La rajetta di Adriana Comaschi

Tabula Fati, 2018 – Dalle leggende delle valli ladine nelle Dolomiti, una scrittrice veneziana ha tratto un romanzo fantasy molto leggibile, ambientato tra le remote tribù che abitavano quel territorio montano nell’antichità.

Felice Laudadio
Felice Laudadio Pubblicato il 22-04-2022
La rajetta

La rajetta

  • Autore: Adriana Comaschi
  • Genere: Fantasy
  • Categoria: Narrativa Italiana
  • Anno di pubblicazione: 2018

Che sorpresa le terre ladine come scenario di un romanzo storico e quante leggende degli antichi popoli che le abitavano millenni indietro, riprese da Adriana Comaschi nel romanzo La rajetta, originale incursione in un mondo primitivo ma non troppo. È una storia fantasy pubblicata dalle Edizioni Tabula Fati di Chieti, nel 2018 (collana Minas Tirith, 168 pagine), tratta da un leggendario trascorso locale.

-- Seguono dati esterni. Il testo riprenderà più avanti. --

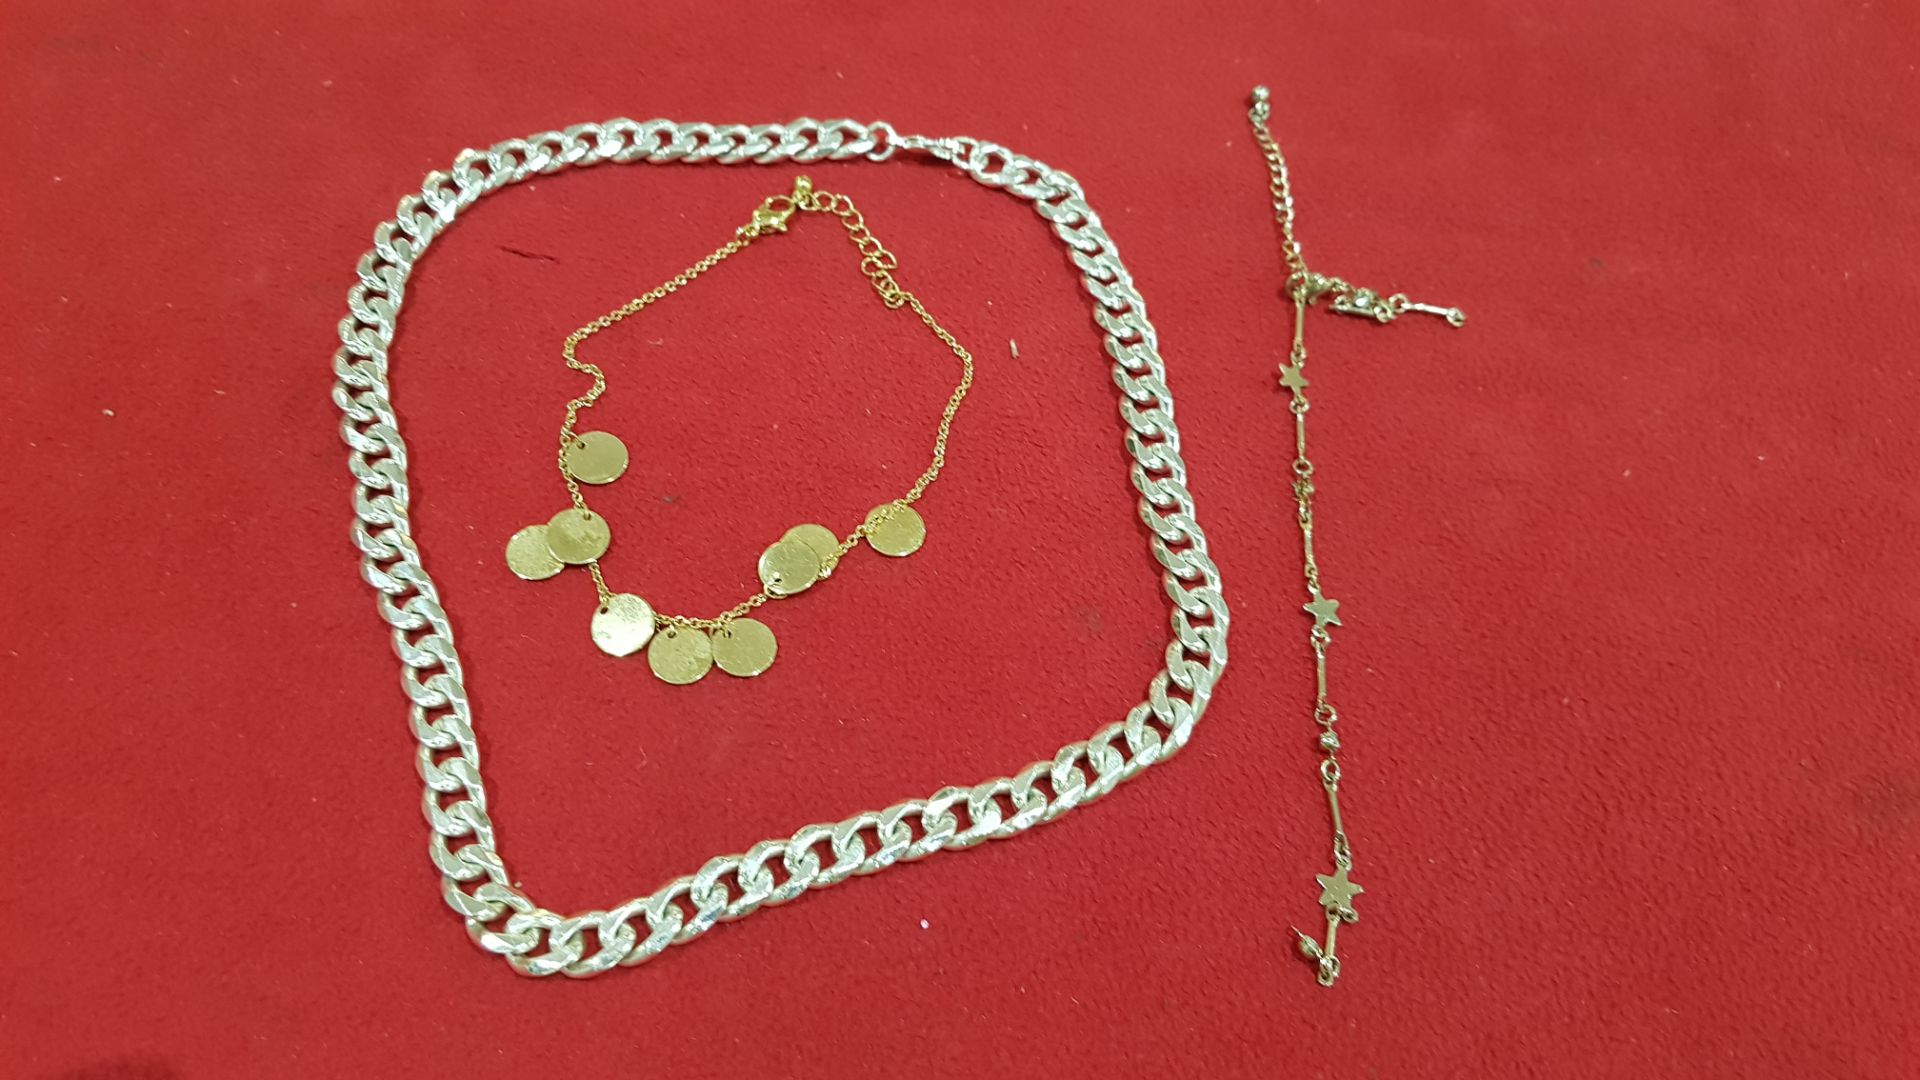 3 PIECE ASSORTED JEWELLERY LOT CONTAINING 1 X SILVER COLOURED CHAIN NECKLACE, 1 X GOLD COLOURED

Veneziana, professionista delle scienze sociali e lettrice appassionata, Comaschi si dedica da una decina d’anni alla scrittura a tempo pieno, notata dal pubblico e premiata con diversi riconoscimenti. Sostiene d’essere sempre stata incuriosita dall’antico popolo dolomitico e di dovere tanto a chi le ha fornito informazioni, in particolare un altro stregato dalle Dolomiti, Adriano Vanin. Con Il regno dei Fanes. Analisi di una leggenda e altri studi sulle tradizioni ladine, l’ha spinta a inquadrarle nel momento storico in cui potrebbero essersi concretizzate. Il romanzo è molto fresco per ambientazione, protagonisti e temi. Difficile trovarne simili e nello stesso contesto, raccontati da dita veloci sulla tastiera come quelle di Adriana.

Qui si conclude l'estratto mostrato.